Como, afinal, conseguiu Monet todos esses efeitos em O Terraço em Sainte-Adresse? Simplesmente, levando todos os elementos composicionais, que aí aparecem, a conglomerar-se na dinâmica de sua distribuição, na qual nada deve pesar mais do que deve, sob pena de comprometer o equilíbrio. Nesta matéria, o artista era um mestre consumado. Os recursos aí presentes são óbvios e repletos de naturalidade.

• Para começar, os três tufos à esquerda, com seus pendões e as duas cadeiras da esquerda, compõem com as duas cadeiras e o galho de flores vermelhas em forma de V da direita um arco bem visível, que parece avançar, tal se quisesse abraçar o infinito.

• Por outro lado, é muito importante nesta dinâmica o espaço continente do velho de chapéu panamá, que sói ser o próprio pai do pintor, com a cadeira onde está sentado, pois põe em destaque a base do pé traseiro esquerdo dessa cadeira, que é o ponto rotatório das linhas de força, que formam um leque aberto para a profundidade, como se quisesse envolvê-la na sua expectativa de moção.

• É fácil descobrir aí os elementos componentes desse leque: os tufos com as cadeiras da esquerda formam a parte inicial do leque; o vermelho da bandeira de duas cores, o parquinho de dominância preta, a sombrinha da jovem e a da velha formam o segundo elemento; o velho, o portão acima dele e a bandeira francesa formam o terceiro elemento.

• E, finalmente, as duas cadeiras da direita com as flores em V completam o leque. Estes dados são tão claros e óbvios, que não posso crer não tenha Monet disposto tais formas de propósito e o leque fosse apenas coincidência ou então fruto dos inconscientes ritmos internos do artista…
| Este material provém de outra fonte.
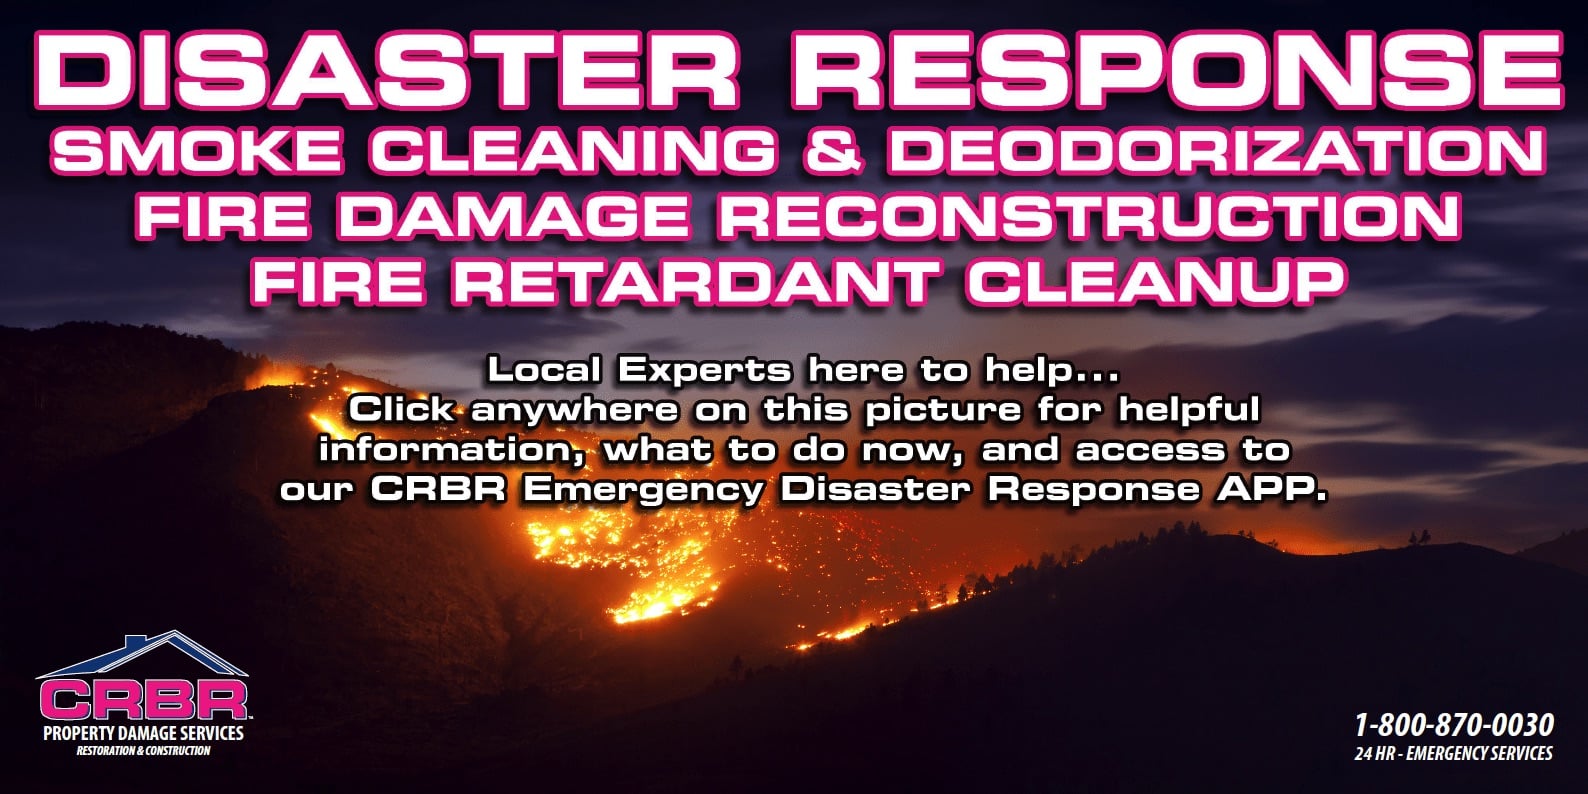 Showing Dixie fires with text that says, `DISASTER RESPONSE Smoke cleaning & deodorization, fire damage reconstruction, fire retardant cleanup. Local Experts here to help... Click anywhere on this picture for helpful information, what to do now, and access to our CRBR Emergency Disaster Response APP. 1-800-870-0030 24 hour emergency services.`
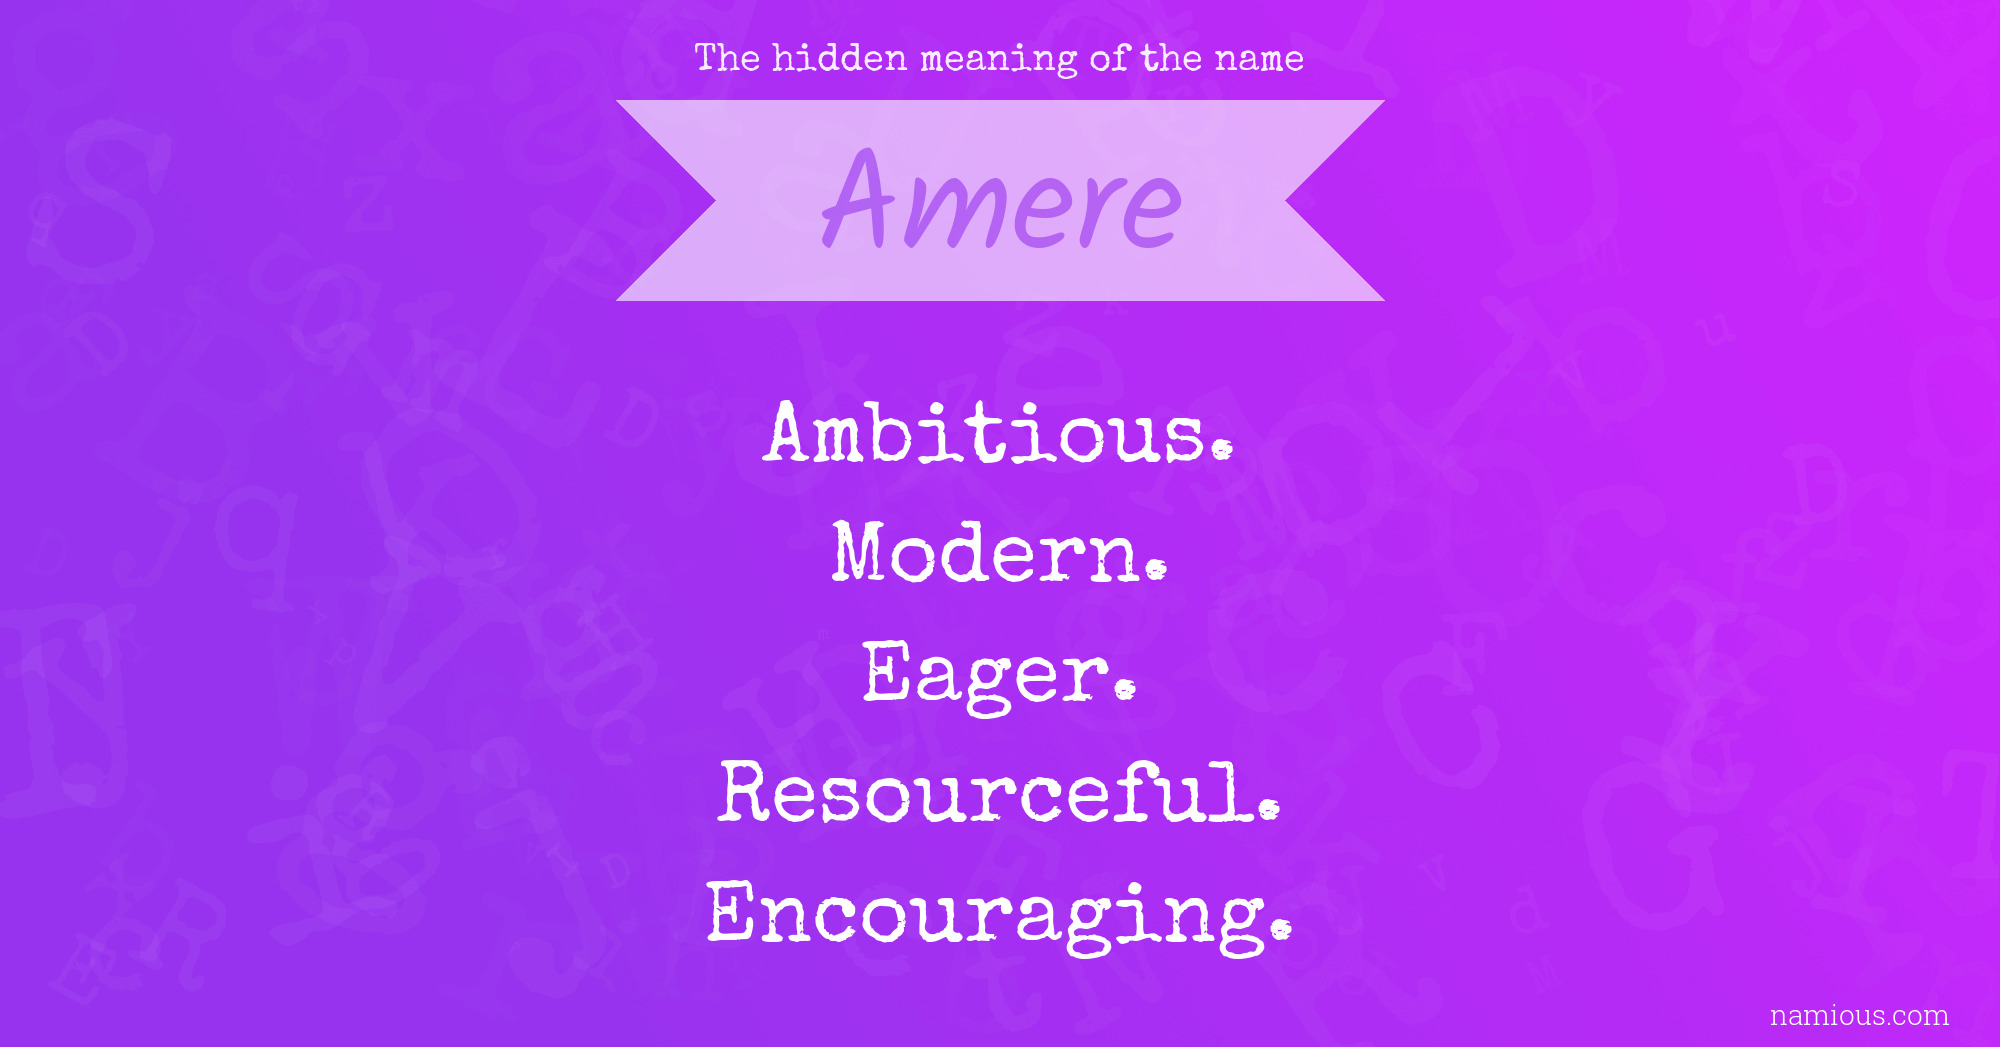 The hidden meaning of the name Amere

• Finalmente, se estamos participando do quadro, com presença mesmo, de uma posição logo abaixo do ponto rotatório, chegamos a ter vontade de olhar para trás e cumprimentar Claude Monet, que, virtualmente, deve continuar ali por toda a eternidade (como ante todos os quadros que fez, enquanto viveu), pintando com dedicação e entrega este belíssimo quadro. Isso é pura magia!

Regata em Argenteuil incomoda-me um pouco, porque o lado esquerdo, onde estão os barcos, ao contracenar com o outro lado, onde estão a margem e as construções, perde força, porque o lado direito em vermelho alaranjado nas casas, anormalmente muito aquecido, tem um peso muito maior, em decorrência do que os barcos amarelos, cuja cor, embora seja também quente, é menos do que a outra, alijam-se neste contraste e, perdendo lastro, parece que vão levitar como os pássaros – cuja sensação, está claro, é antinatural. Apesar disso, que coisa encantadora e hipnotizante é esse tremeluzir das ondas, que parece embalar-nos! Assim é Monet: mesmo num dia em que não está lá com essa inspiração e paciência, consegue encantar-nos.